Lachen
Ist gesund. Zweifellos. Nur in diesem Sinne kann ich die folgende Studie zu Vitamin D verstehen. Die Verfasser möchten uns zum Lachen bringen. Lang, laut und glucksend. Bei mir jedenfalls haben sie es geschafft. Jetzt schon seit 2 Wochen beinahe täglich. Ich hab mir die kleine Arbeit am Schreibtisch extra rausgelegt und überfliege sie immer wieder.
Worum geht es?
Um Osteoporose. Welche aus jedem kleinen, alltäglichen Sturz eine Katastrophe werden lässt. Der Knochen bricht nämlich. So etwas kennen Kinder nicht. Die stürzen ständig. So etwas kennen junge Athleten nicht. Die stürzen häufig vom Fahrrad. Da bricht aber nix. Erst bei älteren Menschen mit Osteoporose… wird’s tatsächlich gefährlich.

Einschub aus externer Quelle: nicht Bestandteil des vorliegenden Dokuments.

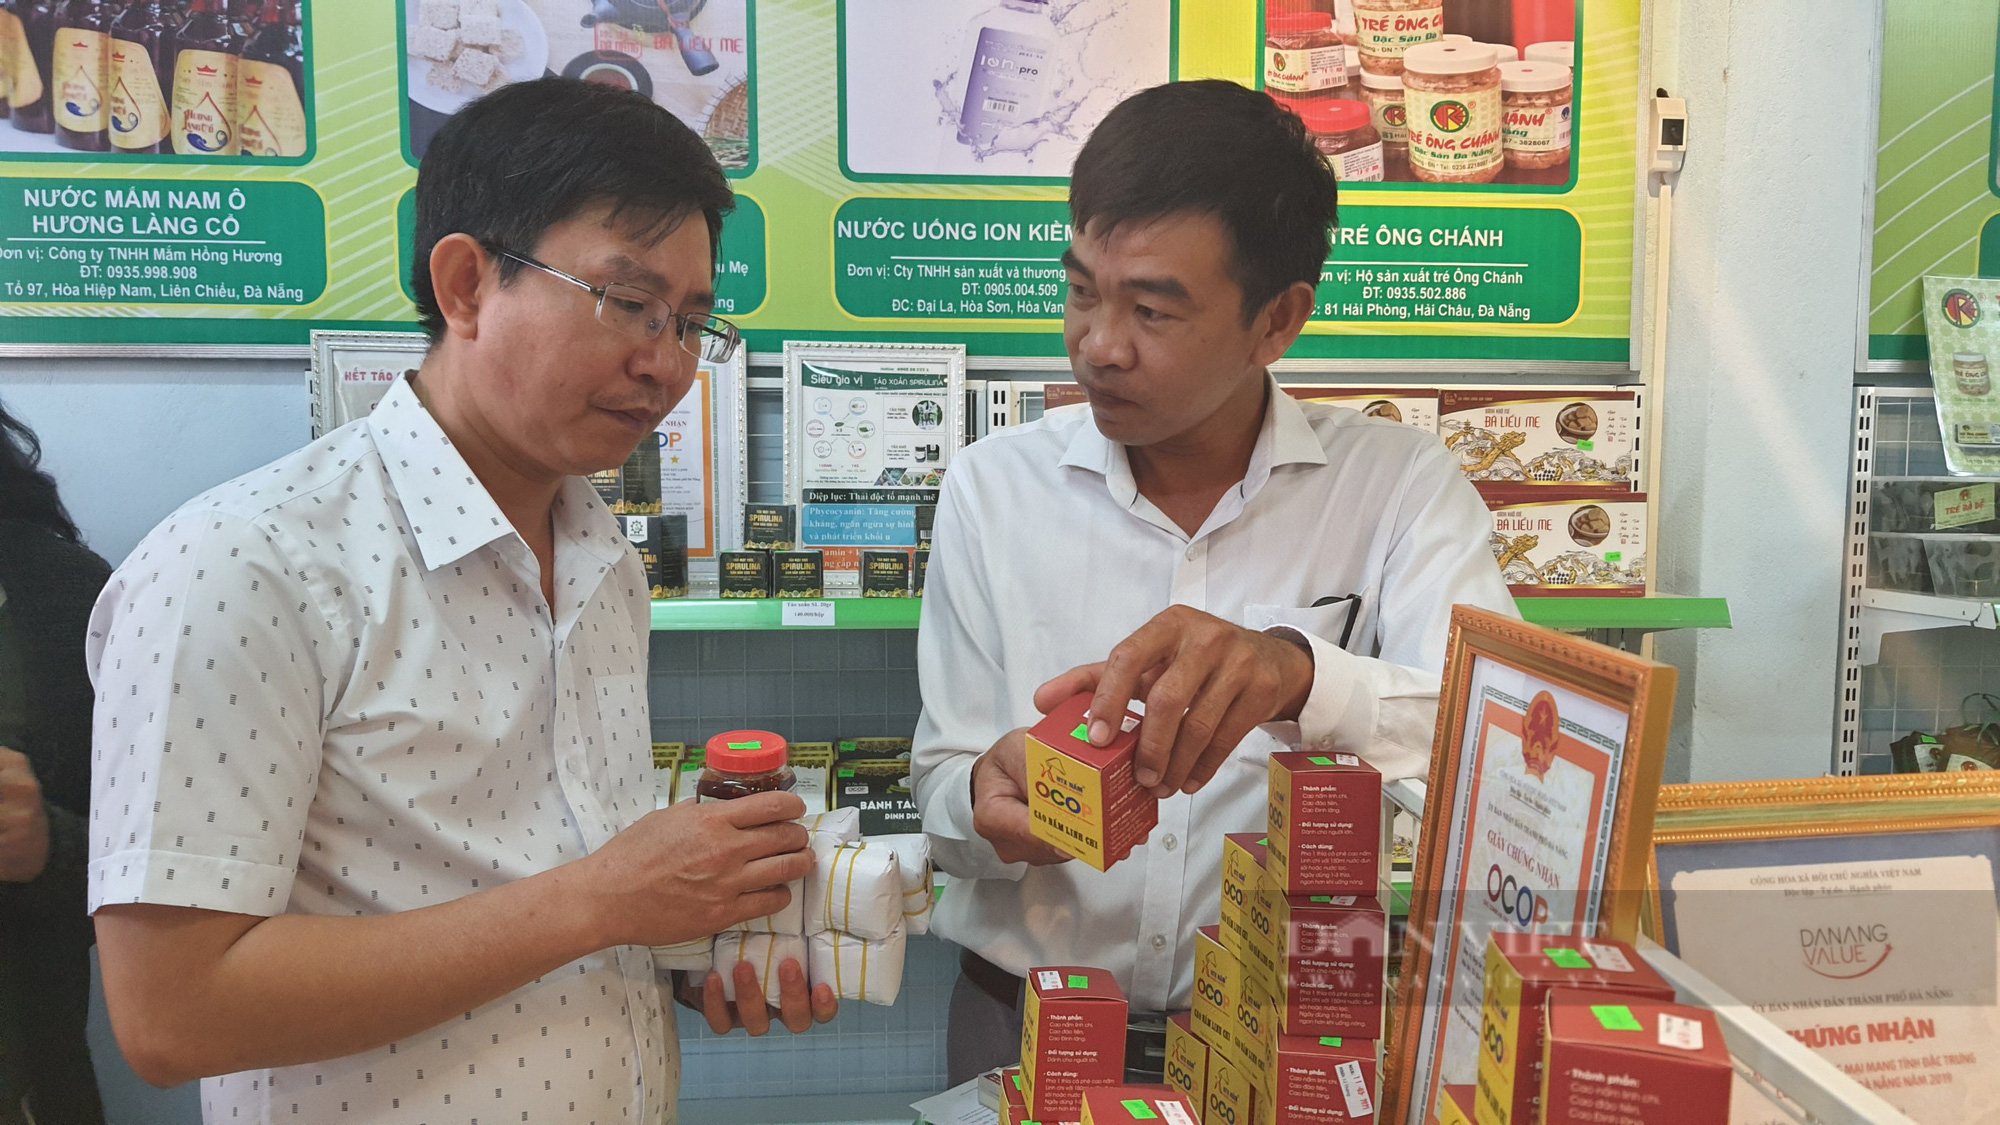 Hội Nông dân Đà Nẵng “bắt tay” với Bưu điện Việt Nam đưa sản phẩm của nông dân lên sàn thương mại điện tử - Ảnh 3.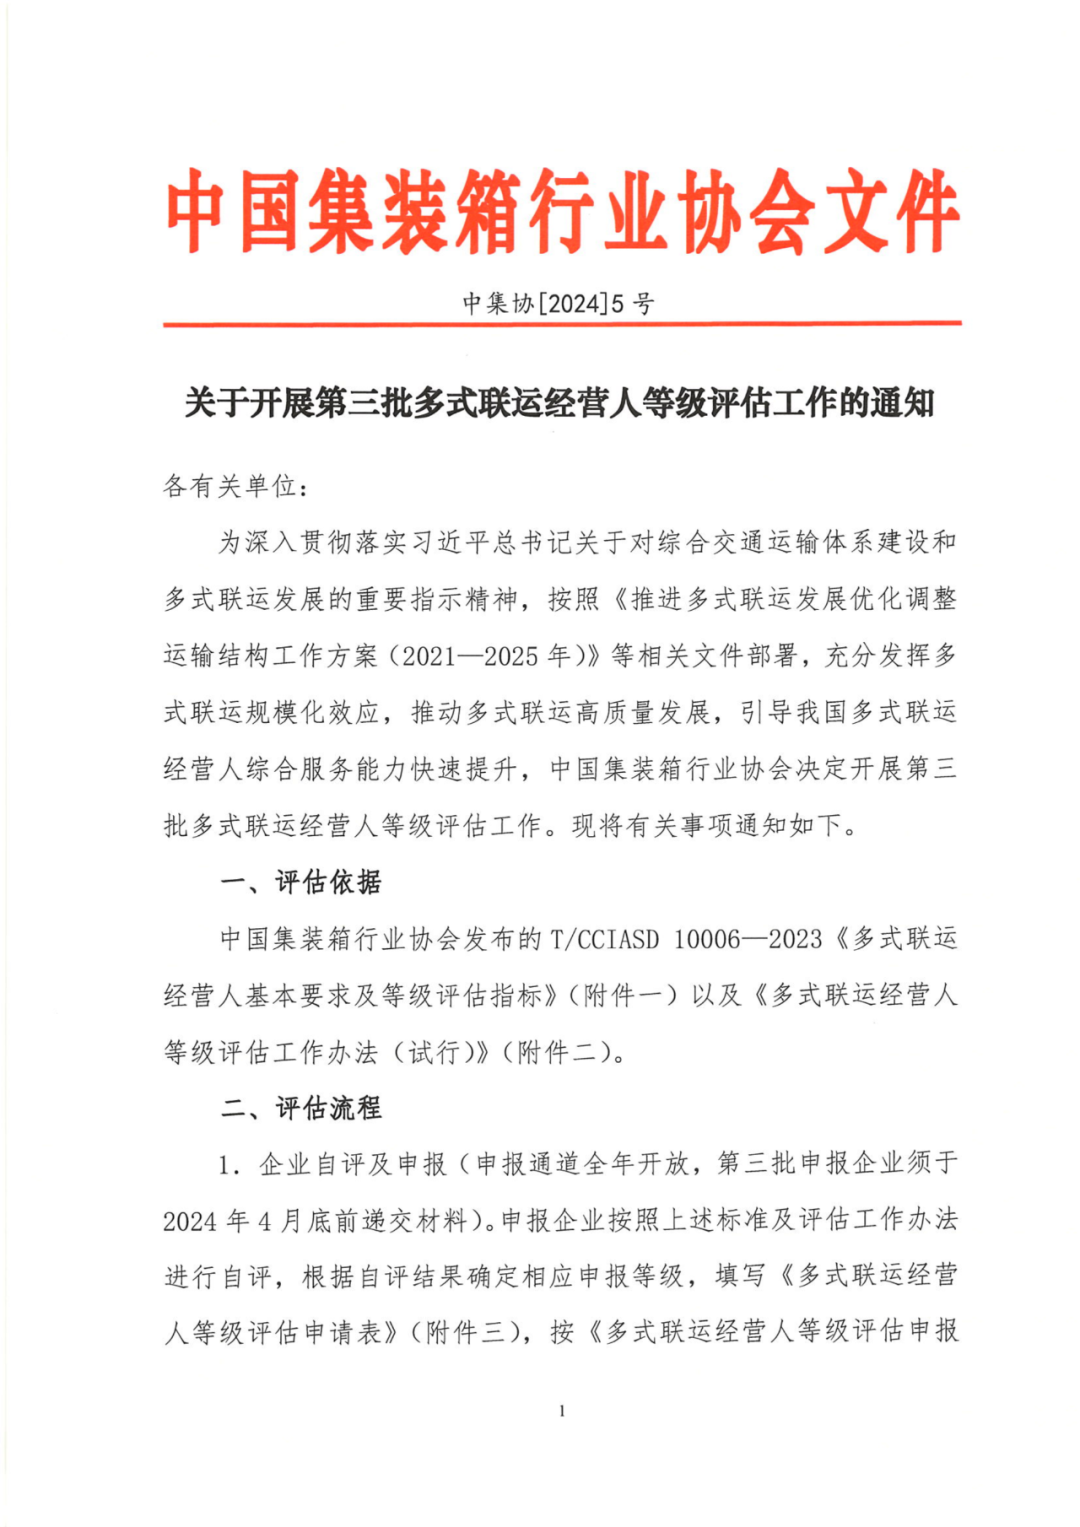 中国集装箱行业协会第三批多式联运经营人等级评估工作正式启动(图7)

Beispiel meine Oma: Schwere Osteoporose. Einmal gestürzt. Oberschenkelhalsbruch. Krankenhaus. Lungenentzündung. Tod. Normal.
Also gibt man vorsorglich Vitamin D. Reichlich. Gegen die Osteoporose. Soweit richtig. Das hat man in Zürich getan. Und veröffentlicht jetzt doch tatsächlich als Fazit:
- „Zu viel Vitamin D erhöht Sturzrisiko“
Was war das? Da hat man 200 Menschen im Alter von über 70 Jahren Vitamin D gegeben. Doch wohl gegen Osteoporose. Und hat die Sturzhäufigkeit gezählt. Alle diese Menschen waren vorher schon mehr als einmal im Jahr gestürzt. Normal. Und jetzt?
- Wenig Vitamin D im Blut: 0,84 Stürze pro Jahr.
- Viel Vitamin D im Blut: 1,59 Stürze pro Jahr
Vitamin D lässt also den Menschen hinfallen. Geht´s noch? Wackelt ihr Zwerchfell bereits? Das haben die ernsthaft wirklich veröffentlicht.
Natürlich wollten die eigentlich das Knochenbruch-Risiko messen und veröffentlichen. Aber das mit den Stürzen klingt so sehr viel schöner. Was ist da passiert?
Erklärung: Ganz langsam, auch für die Züricher Forscher. Zum Mitlesen. Passiert ist das Gleiche wie: „Viagra macht Herzinfarkt“. Können Sie sich erinnern? Dabei stellt Viagra doch ausdrücklich Blutgefäße weit, müsste also Herzinfarkt verhindern. Nein, nein: Die Daten waren eindeutig: Mehr Herzinfarkte mit Viagra. Was war hier passiert?
- Simpler gesunder Menschenverstand: Schwerkranke, schweratmende Männer nahmen Viagra und glaubten an ein Wunder: Es geht wieder. Halleluja. Und haben das ausgenutzt. Waren der Anstrengung aber einfach nicht gewachsen. Ein schöner Tod.
Und genauso können Sie natürlich Vitamin D und Sturzhäufigkeit zwanglos erklären:
- Lesen Sie nach bei Dr. von Helden. Vitamin D ist eins der stärksten Mittel gegen Müdigkeit, Antriebslosigkeit. Beseitigt Muskelschmerzen, oft Steifigkeit der Gelenke. Sprich: Mit Vitamin D wird man ein bisschen fideler. Traut sich wieder etwas zu. Längere Märsche, Treppensteigen statt Aufzug. Und dabei rutscht man – über 70 Jahre – dann eben auch mal aus.
Ein wunderschönes Beispiel für eine gedankliche Schrottstudie. Aber nur keine Sorge: Dass Vitamin D zu Stürzen führt, das werden wir die nächsten Jahrzehnte bei jeder passenden Gelegenheit immer wieder hören dürfen. Das hängt sich fest.